- From: Jeffrey Mogul <mogul@pa.dec.com>
- Date: Wed, 20 Nov 96 14:51:24 PST
- To: Benjamin Franz <snowhare@netimages.com>
- Cc: http-wg%cuckoo.hpl.hp.com@hplb.hpl.hp.com
Attempts to finess the system for the sake of improving hit counting are doomed from the start by the simple fact that most *browsers* have their own user selectable options for caching that are completely independant of the standards: 'Check every time','Check once per session', 'Never check'. This *alone* is enough to make efforts to make proxies report hits nearly irrelevant. Are they reporting 20 repeat hits from someone who 'checks every time' or 1 new hit each from people who 'Never check'? You don't know. We don't know. NO ONE knows. A server can *guess* based on referrer and IP address in their logs, or come very close to exact counts by anti-caching. But the necessary abstraction of data by the proxies on summary reports for hit-metering will defeat these efforts in log analysis and passing raw log information would defeat the *purpose* of proxies. My analysis of header logs from a very popular browser suggests that its "checks" (whether per-session or every-time) are done using If-modified-since headers. Our proposal specifically separates the counting of 304 responses from the counting of other responses (see section 5.3). Because of this, we can accurately count the number of non-checking GETs. What we cannot do is to accurately distinguish between a large number of users looking at a document with large browser caches, and a smaller number of users with small browser caches. But neither can any other hit-counting scheme that doesn't involve some sort of per-user data (such as cookies). And we are in no way proposing the transmission of raw logs! (our proposal takes no stand on this topic; the word "log" does not appear in it).
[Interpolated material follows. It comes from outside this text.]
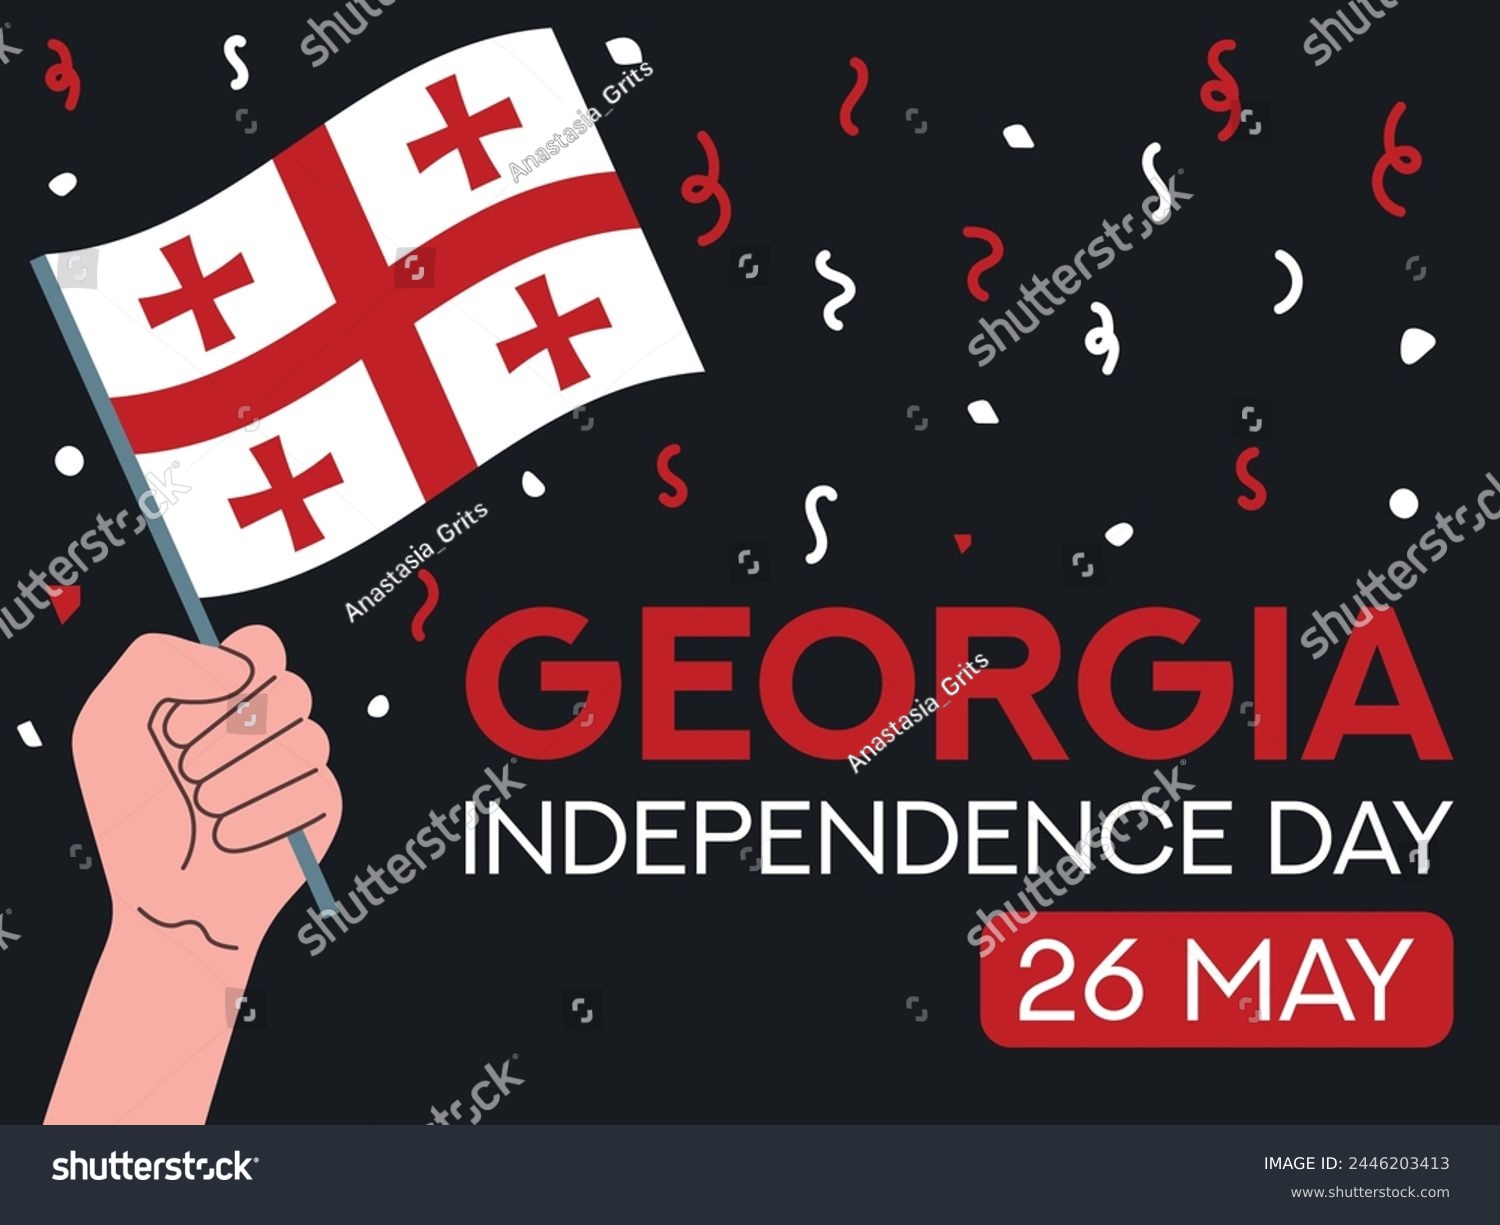 SVG of Georgia independence day 26 may. Georgia flag in hand. Greeting card, poster, banner template	 svg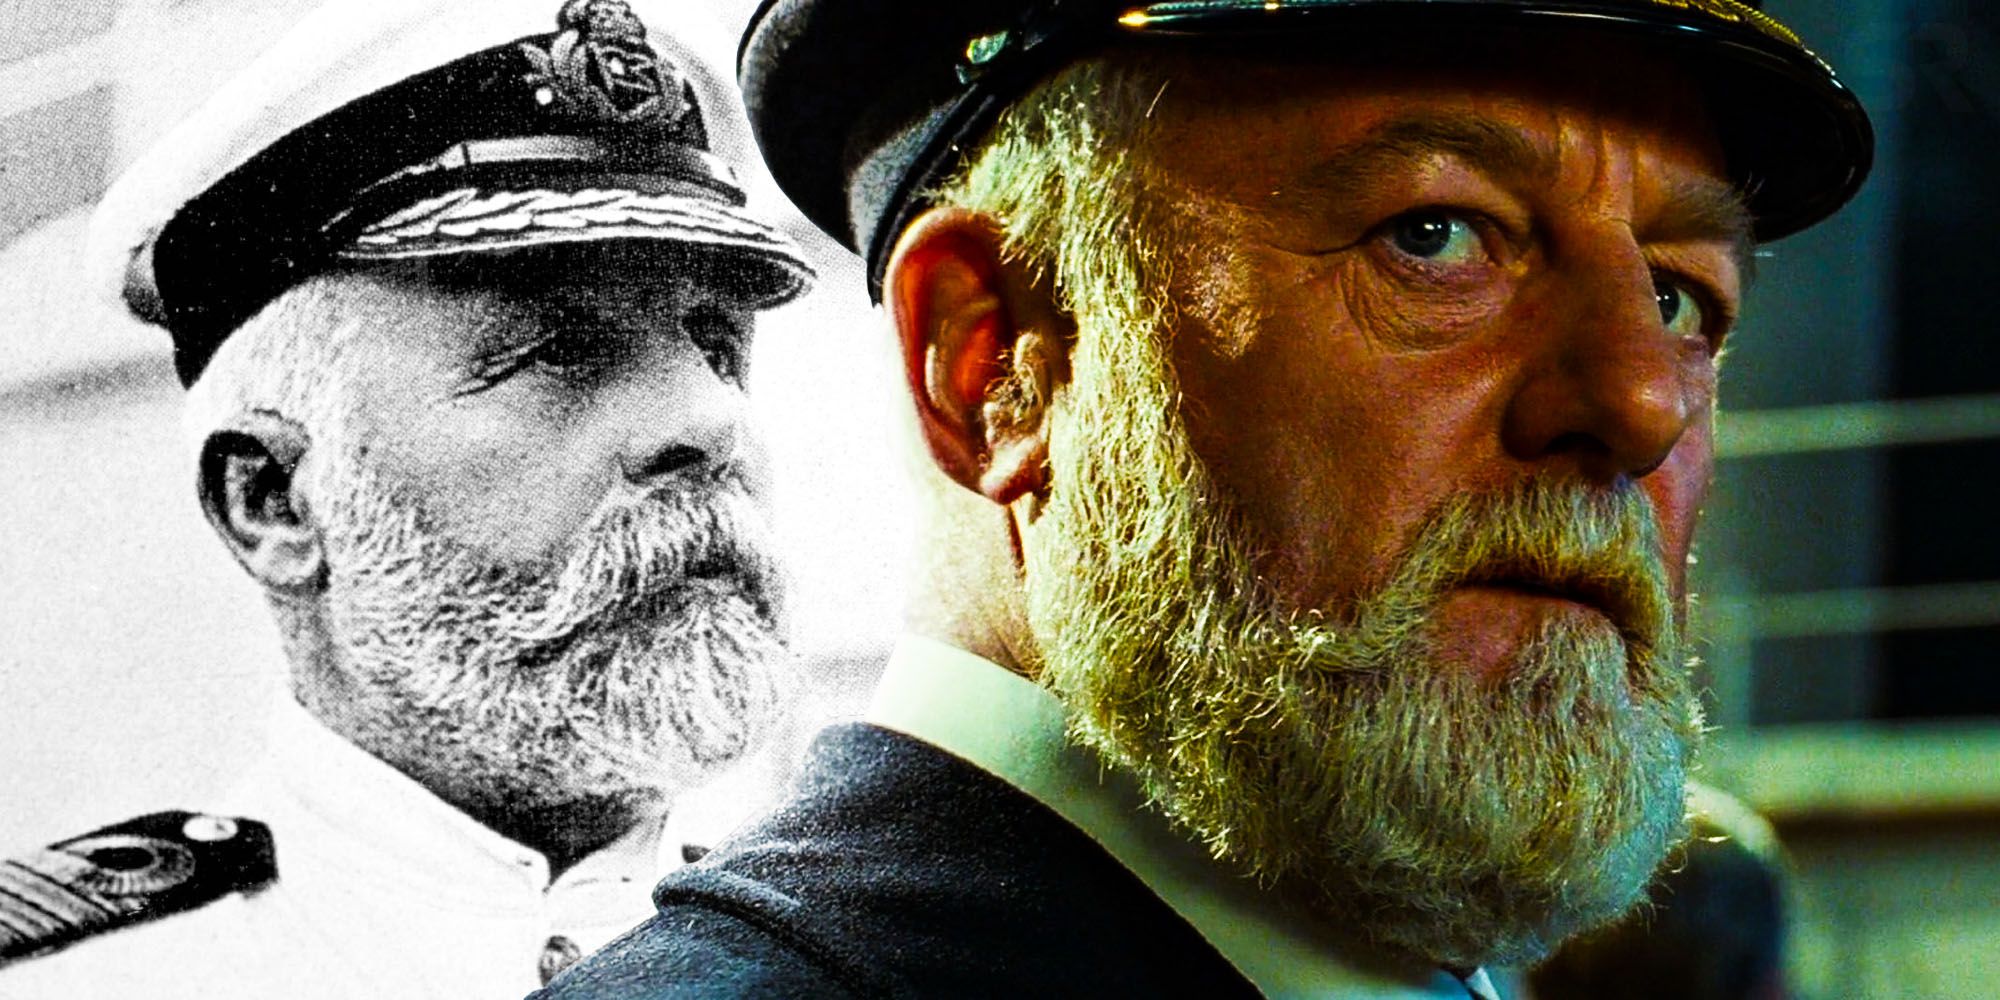 Who Was the Capitan of the Titanic?

This also does not begin to address the questions of privacy and security and their impact on the usage of hit-metering.. Many corporate proxies would more than reluctant to be sending out information about their internal usages to anyone who asked - they would be actively opposed to it. We run a large corporate proxy in our building (>1500000 refs/day) and we are extremely sensitive to privacy issues, so I'm not ignoring them. No corporate (or any other) proxy is required to do anything by our proposal. Aside from that, I addressed the privacy considerations in my response to Ted Hardie. -Jeff
Received on Wednesday, 20 November 1996 15:07:40 UTC